Stepan Hirskyi

Personal information
- Full name: Stepan Bohdanovych Hirskyi
- Date of birth: 8 January 1991 (age 34)
- Place of birth: Lviv, Ukrainian SSR
- Height: 1.78 m (5 ft 10 in)
- Position(s): Defender

Team information
- Current team: FK Olesko

Youth career
- 2004–2008: Karpaty Lviv

Senior career*
- Years: Team / Apps / (Gls)
- 2008: Karpaty-2 Lviv / 17 / (1)
- 2008–2014: Karpaty Lviv / 14 / (0)
- 2013–2014: → Nyva Ternopil (loan) / 10 / (0)
- 2014: Poltava / 3 / (0)
- 2015: Chrobry Głogów / 7 / (2)
- 2016–2017: GKS Tychy / 25 / (3)
- 2017–2018: Stal Stalowa Wola / 27 / (1)
- 2018–2020: SKK Demnya
- 2020–2021: Yunist Giyche
- 2021–2022: Kulykiv
- 2022–2024: Mykolaiv
- 2024–: FK Olesko

International career
- 2007: Ukraine U16 / 11 / (0)
- 2007–2008: Ukraine U17 / 9 / (1)
- 2008–2009: Ukraine U18 / 3 / (0)
- 2010: Ukraine U19 / 1 / (0)

= Stepan Hirskyi =

Ukrainian footballer

Stepan Hirskyi (Степан Богданович Гірський; born 8 January 1991) is a Ukrainian professional footballer who plays as a defender for FK Olesko.

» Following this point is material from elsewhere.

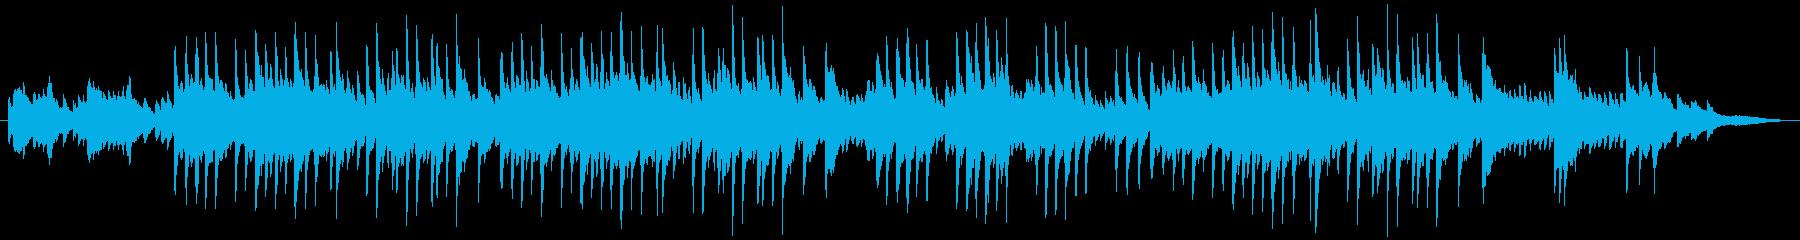 ピアノによる、切なく穏やかなバラードの再生済みの波形

Hirskyi is the product of the Karpaty Lviv Youth School System. He made his debut for Karpaty entering as a second-half substitute against Metalurh Donetsk on 15 May 2011 in Ukrainian Premier League.

He also played for Ukrainian national football teams in different age representations.